I wanted to see what trials a writer goes through as they climb to the top. To know what barriers had to be overcome to produce good stories people want to read. How long it took before their dedication to writing and submitting finally paid off.
This blog will hopefully serve that purpose for others on their own paths to professional status and ideally will also inspire me to be a more consistent and organized writer. I have been writing various works on and off for a little over two years, but have had little success. With this blog I'm hoping that it will help me keep myself more acocuntable with my writing, and thereforee more productive, and maybe give others an insight into the beginning writer's lifestyle as they work to become a professional writer.
The first nine months of this goal will be a little more unique that most as I am not currently at home writing at a small rickety desk in Cedar City, Utah. I am currently writing from a living room table in Poitiers, France.
My wife was accepted to a study abroad program at ESCEM, a university partnered with SUU. While she's here working on her dual degree program in Marketing, which will hopefully bring her closer to her dreams, I am here starting the path to my own dreams. We decided that the next nine months will give me ample opportunities to jump start a writing career.
I also have an opportunity over the next nine months to experiment with what typ eo fwriting lifestyle I want to live. Do I want to be a casual writer who pecks away at the computer when inspiration hits? WIll I be the writer who haunts the local coffee shop and punches out words while I sip a hot chocolate? Or will I be the writer who treats his writing as a hybrid between a job and a hobby?

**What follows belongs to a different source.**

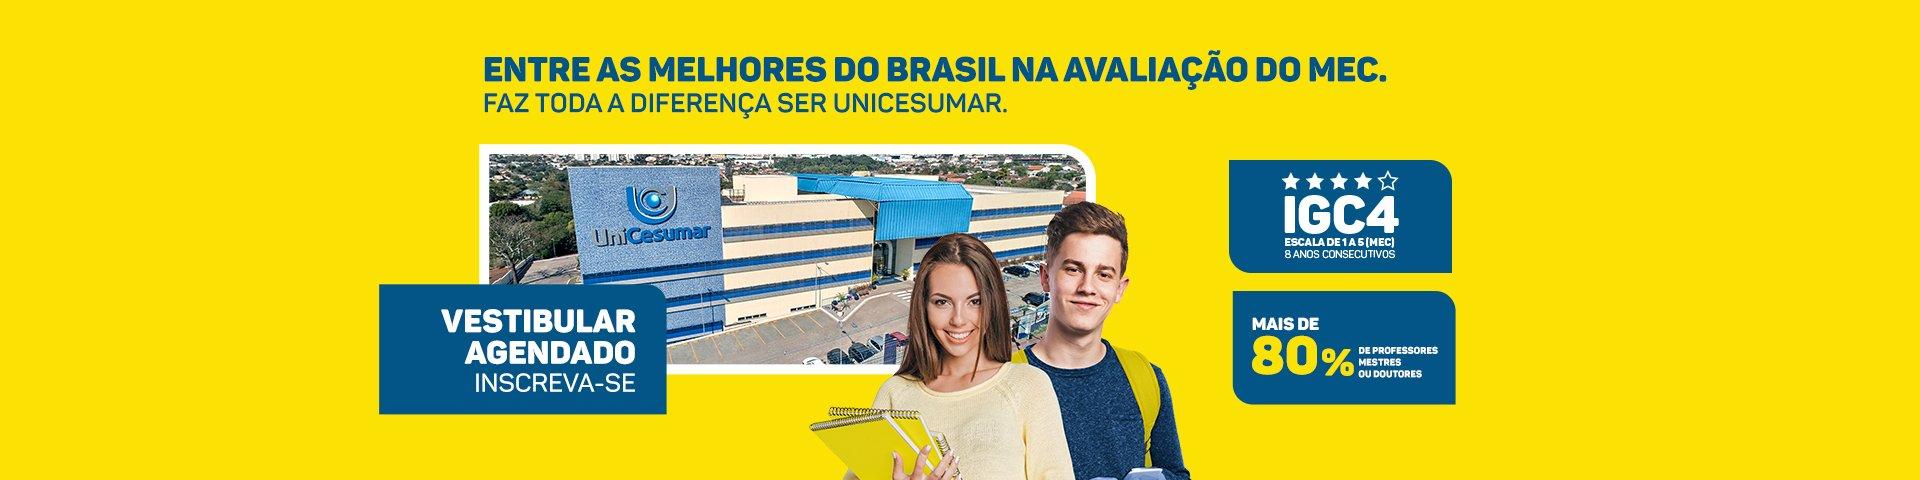 banner_home_agendado_1920x480px_londrina
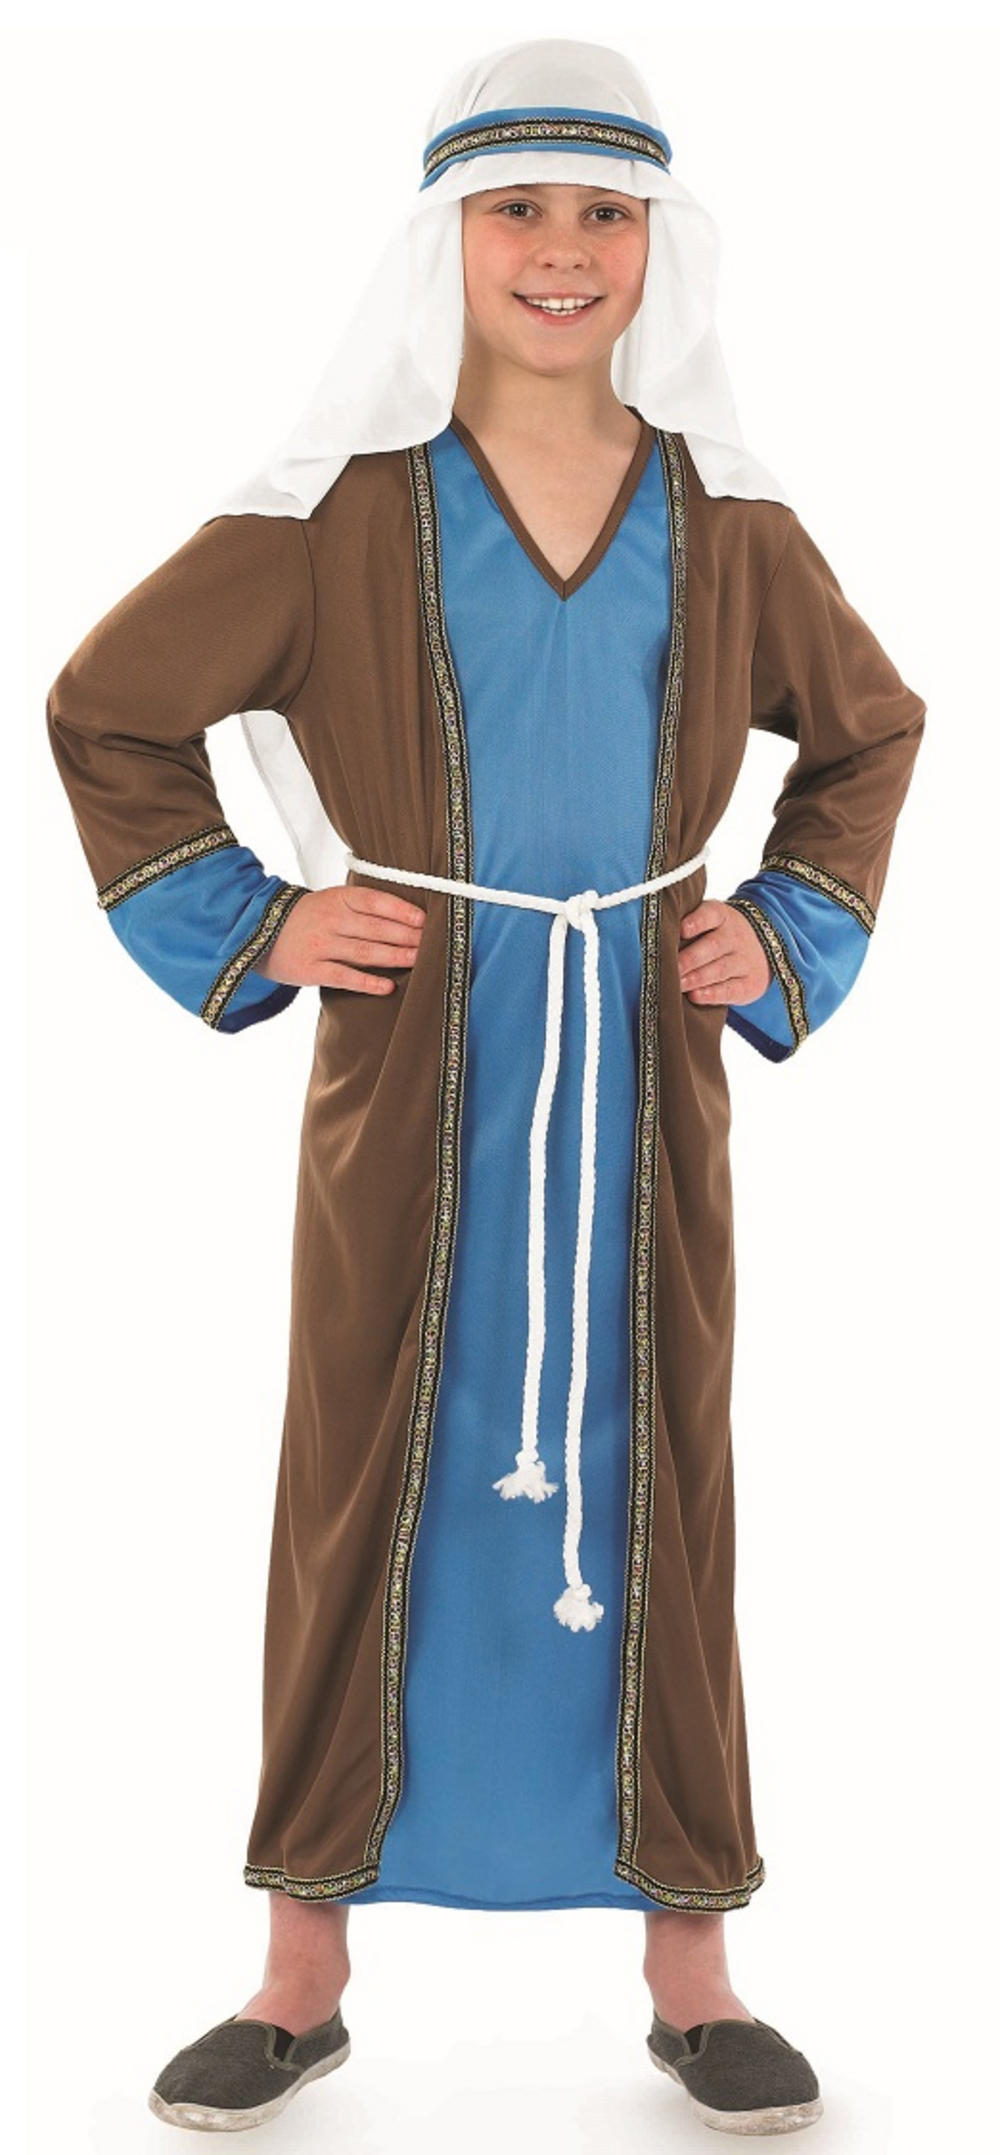 Joseph Costume   Christmas Clearance   Mega Fancy Dress

I decided on the latter as I hope my writing will become a career and support my family one day. So I've commiteed myself to a working space and writing part-time in the hopes I can make my dreams come true. Is it a little presumptuous to assume that I will be a full-time author or that people will even be interested in my story as I struggle to make a name for myself? Probably, but I feel that being a writer is itself a little presumptuous, we assume others care about what we've written down.